9 thoughts on ““Gastropub”

  1. Hunh! This may be because I live in the hinterlands of southwestern Ohio, but I first heard “gastropub” only in the last year or so, I believe, in a tweet from friend in the UK. And I laughed, because it sounded *so* endearingly British to me. So I was floored when, a month or so ago, I heard or saw an ad for a local restaurant calling it a “gastropub”!

    I had no idea the use of this word had become so widespread in other parts of the US!

  2. I wonder if the word was derived from ‘gastropod’ – a creature that eats through its foot, e.g. a snail.

  3. “gastropub” is a clear contraction of gastronomy and pub, but please remember that a pub isn’t a BAR, in the American English sense.

    “Pub” is a shorting of the legal category of a “public house”, meaning a place where it is licences to consume alcoholic drinks on or off the premises**. It is similar to “Inn”, a similar place with board and lodgings (popular when people travelled long distance by horse).

    Bar was used as a “trendy” name for a pub in London that didn’t serve food, thus “gay bar” would be a place to meet up with a partner for a drink, and not for, say, sushi.

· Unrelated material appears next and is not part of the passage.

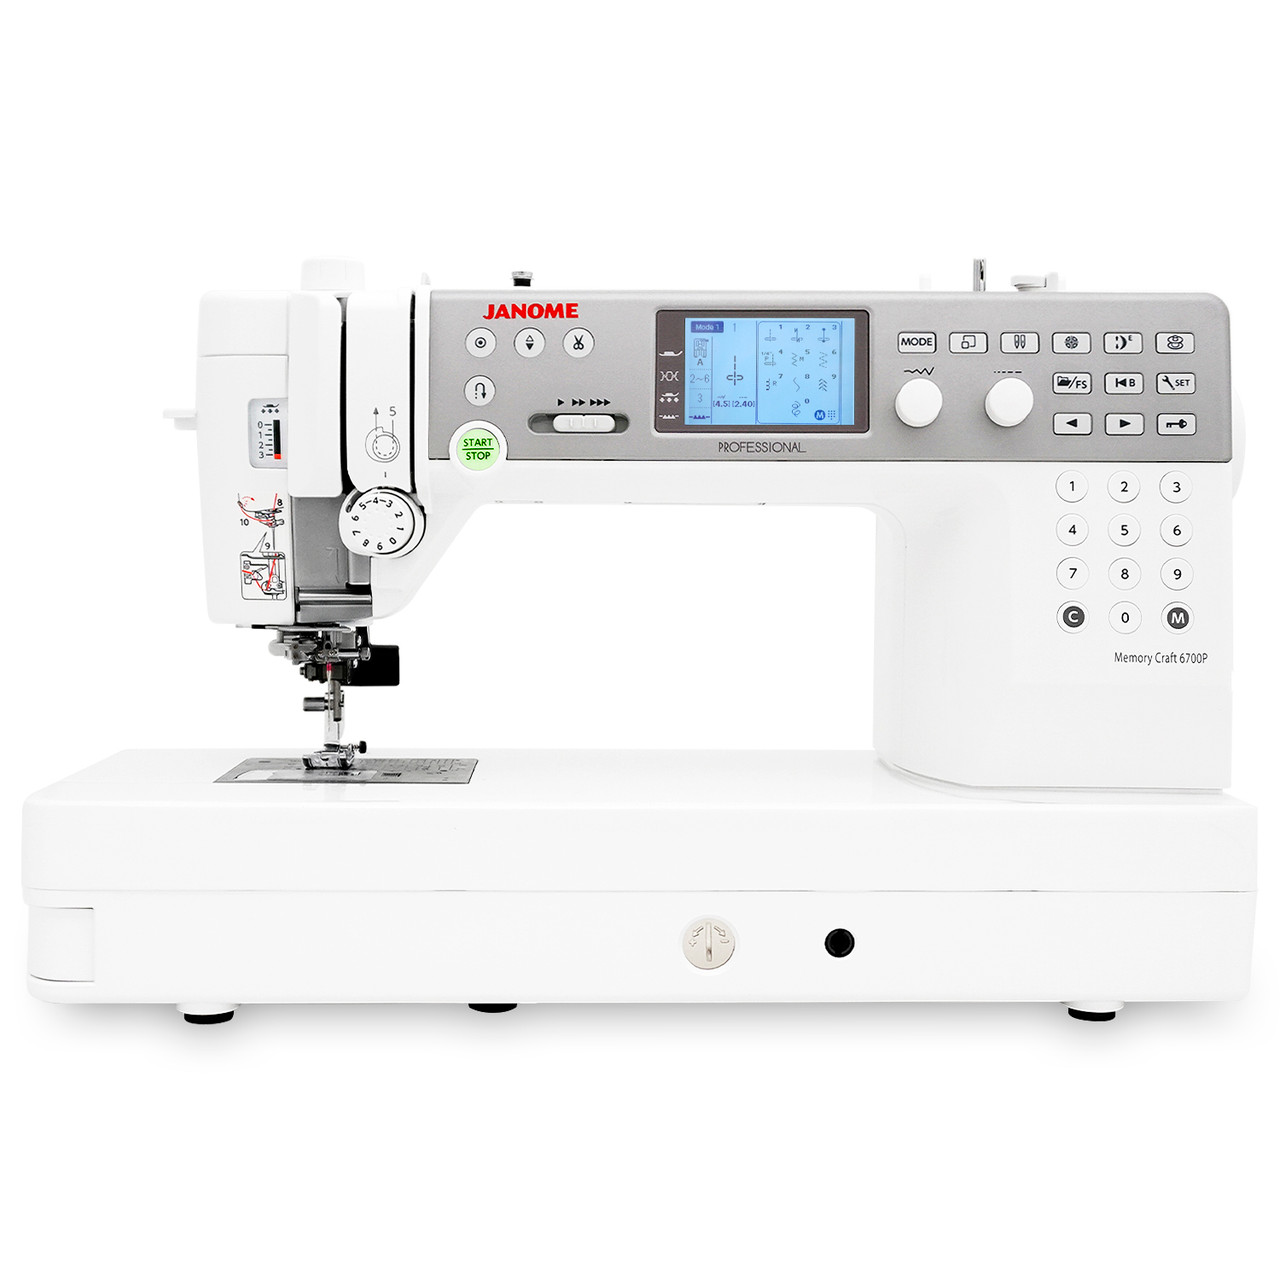 Janome Memory Craft 6300P Sewing and Embroidery Machine

    “Gastropub” arises from a previous generation of places that served “pub grub”, which to quote the ever wonderful Douglas Adams:

    “There is a feeling which persists in England that making a sandwich interesting, attractive or in any way pleasant to eat is something sinful that only foreigners do.”

    `Make ’em dry,” is the instruction buried somewhere in the collective national consciousness, “make ’em rubbery. If you have to keep the buggers fresh, do it by washing ’em once a week.”

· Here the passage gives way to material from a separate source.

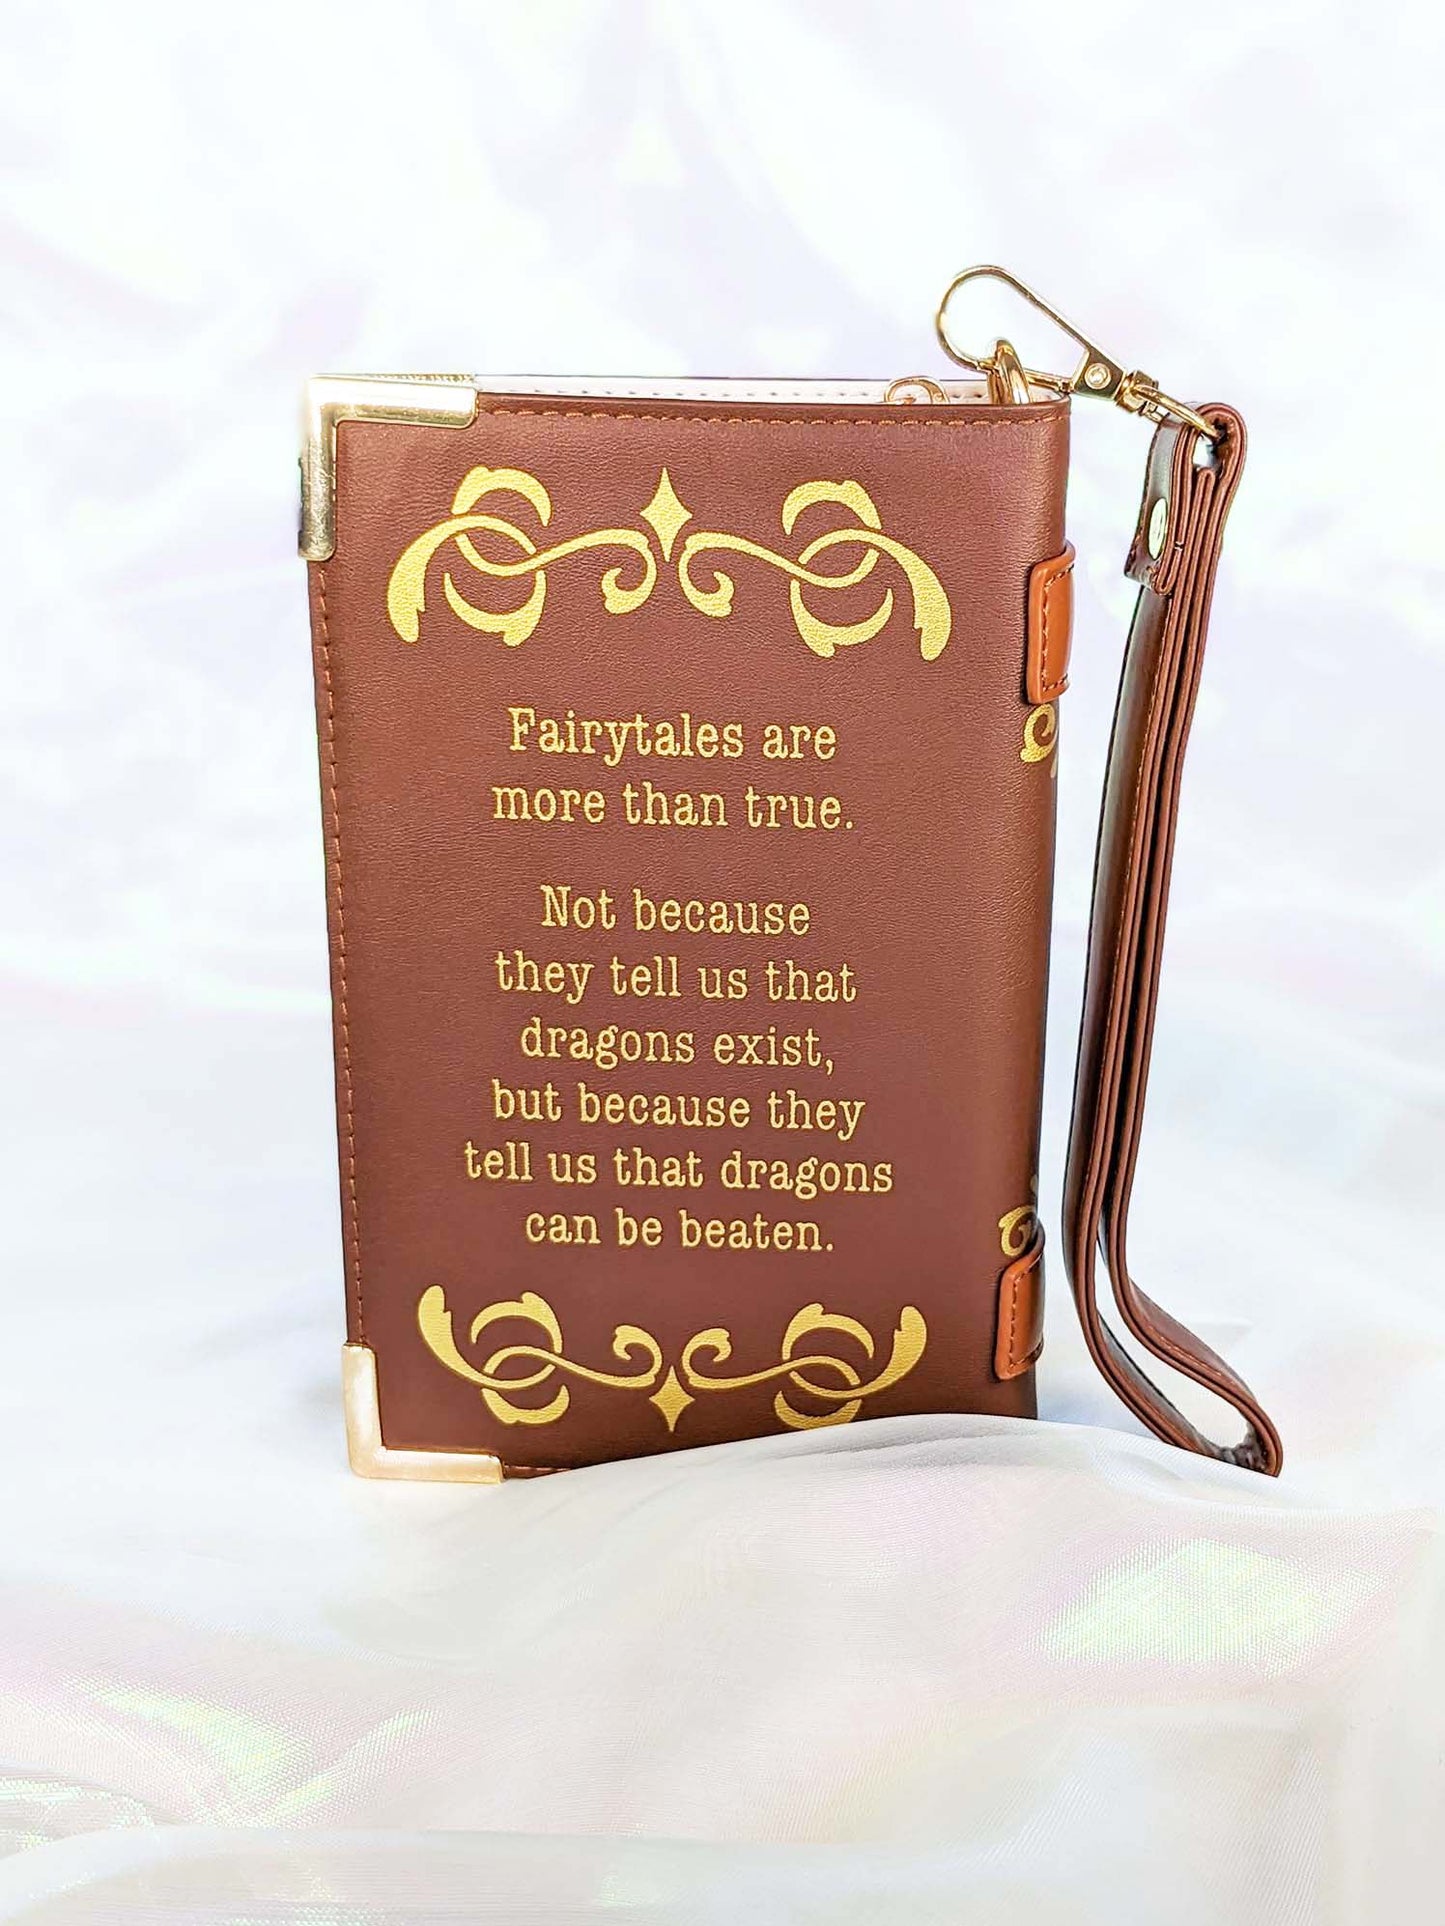 Once Upon A Time Fairytale Ita Purse Academia Brown

    It is by eating sandwiches in pubs on Saturday lunchtimes that the British seek to atone for whatever their national sins have been. They’re not altogether clear what those sins are, and don’t want to know either. Sins are not the sort of things one wants to know about. But whatever their sins are they are amply atoned for by the sandwiches they make themselves eat.”

    (November 1984).

    ** Off Licencees to consume only off the premises.

  4. I think its use here also coincides with the smoking ban of 2007 – a lot of pubs started moving more towards serving food and marketing themselves as places to eat rather than smoke.

    Thinking about it, I don’t think I’ve heard the term “gastropub” quite as much recently compared with back then. And I think that’s probably a good thing. I think there’s an expectation now that a certain kind of pub will do half-decent food, an expectation that didn’t exist even ten or fifteen years ago.

  5. @timfootman – I take it the pub The Eagle cited, in the book extract linked to above, as the first gastropub is not the same one immortalized in Pop Goes the Weasel.

    Up and down the City Road
    In and out The Eagle
    That’s the way the money goes
    Pop goes the weasel!

  6. The two Eagle pubs are less than a mile apart.

    Subject of the rhyme, Shepherdess Walk, adjacent to City Road. Zoom in to the plaque on the wall.
    https://www.google.co.uk/maps/@51.5284112,-0.0917518,3a,45.1y,17.56h,92.9t/data=!3m6!1e1!3m4!1smanz2vNb-dOhMIfVv5b4dg!2e0!7i13312!8i6656

    Gastropub, complete with cook having a cheeky beer outside.